Professor Butcher concluded, “Collaboration between University-based academic researchers and biotechnology industry scientists presents a way forward to develop new approaches for some of the world’s greatest healthcare challenges, such as TB. This new chip-based technology could bring diagnostics to the patients that need it and also, by more accessible case-finding, prevent the further spread of this disease.”

Co-author Heather Murton, PhD, LEX Diagnostics, Melbourn, UK, and formerly of QuantuMDx Group Ltd, said, “Tuberculosis is one of the oldest challenges faced in human healthcare. This technology has the potential to meet the expectations for a mobile TB diagnostic, and it is exciting to see a seemingly abstract physics principle successfully applied to a neglected disease area.”
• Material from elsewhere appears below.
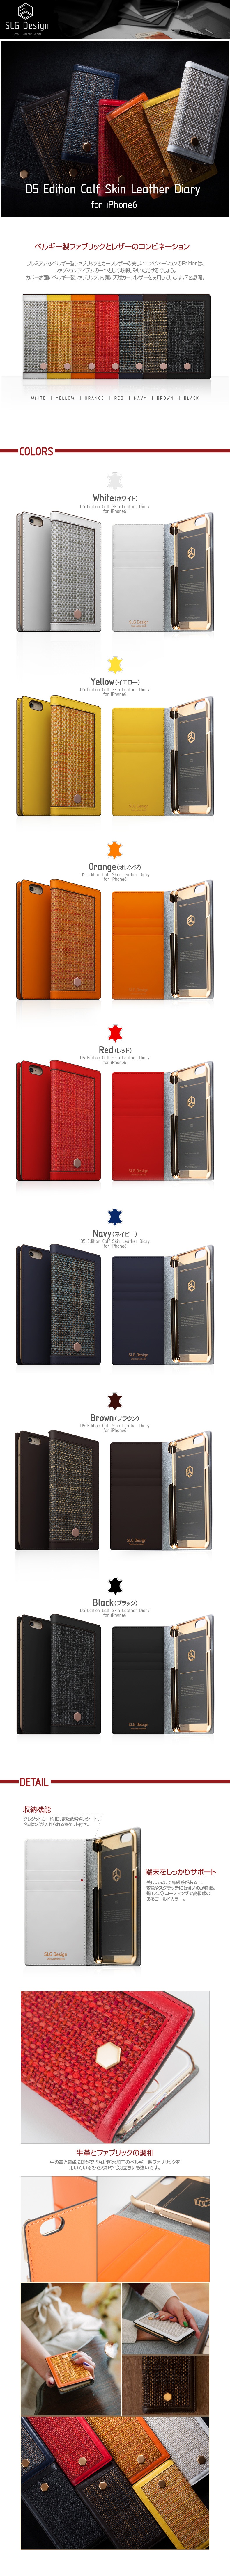 【iPhone6 ケース】 SLG Design D5 Edition Calf Skin Leather Diary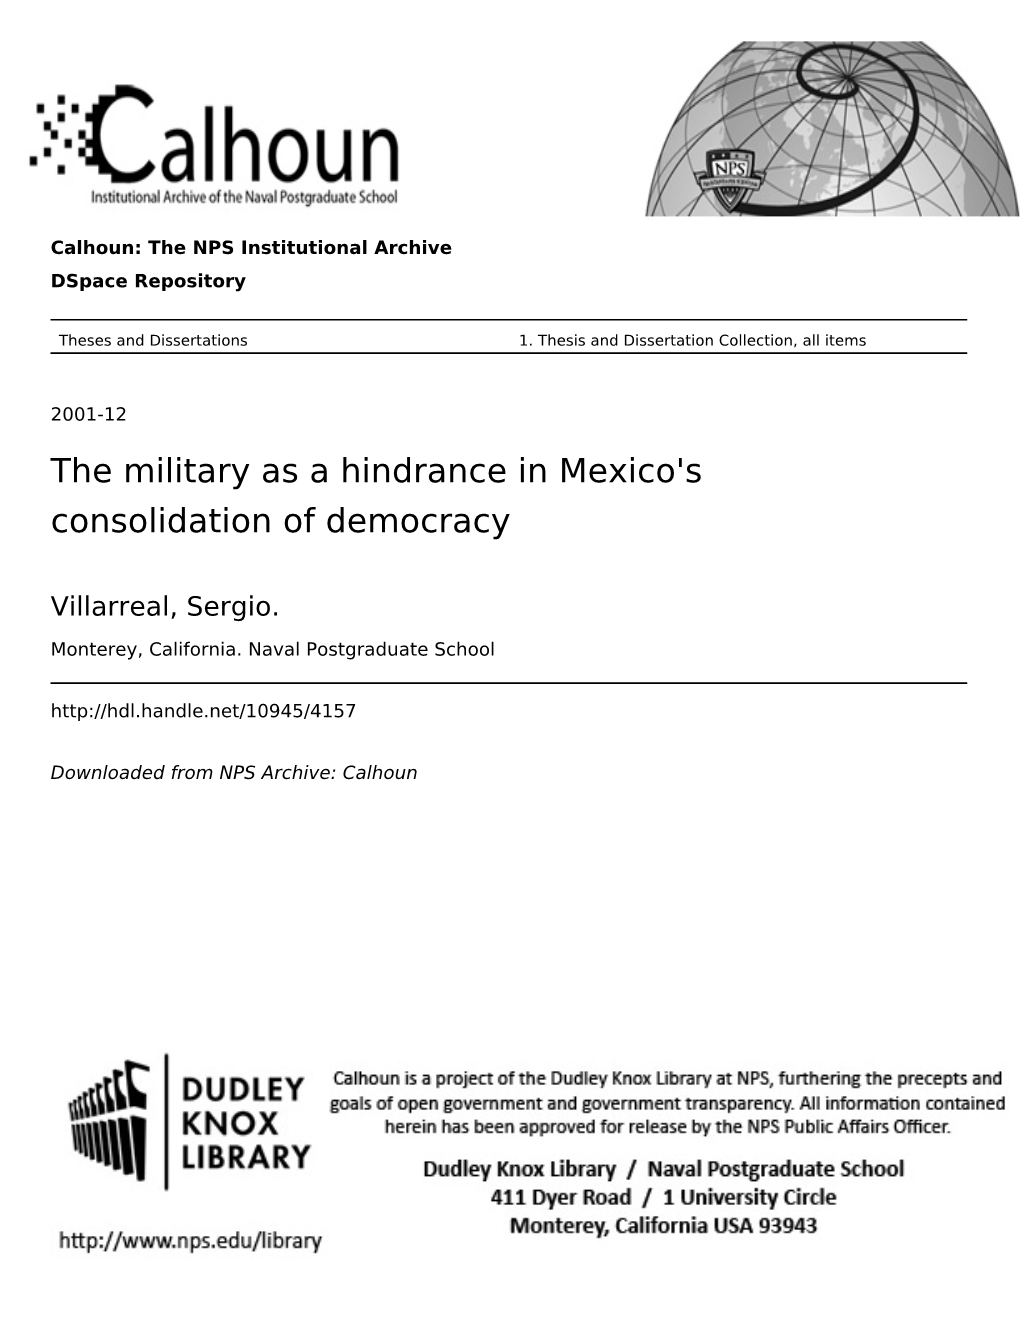 The Military As a Hindrance in Mexico's Consolidation of Democracy

TB is the 13th leading cause of death worldwide, and until COVID-19 was the leading cause of death from a single infectious disease – more than malaria and HIV. Globally it infects 10 million individuals and kills 1.4 million individuals every year, of whom 230,000 are children.

Diagnostics with increased sensitivity and expanded drug susceptibility testing are also needed to address drug resistance and diagnose low-bacterial burden cases.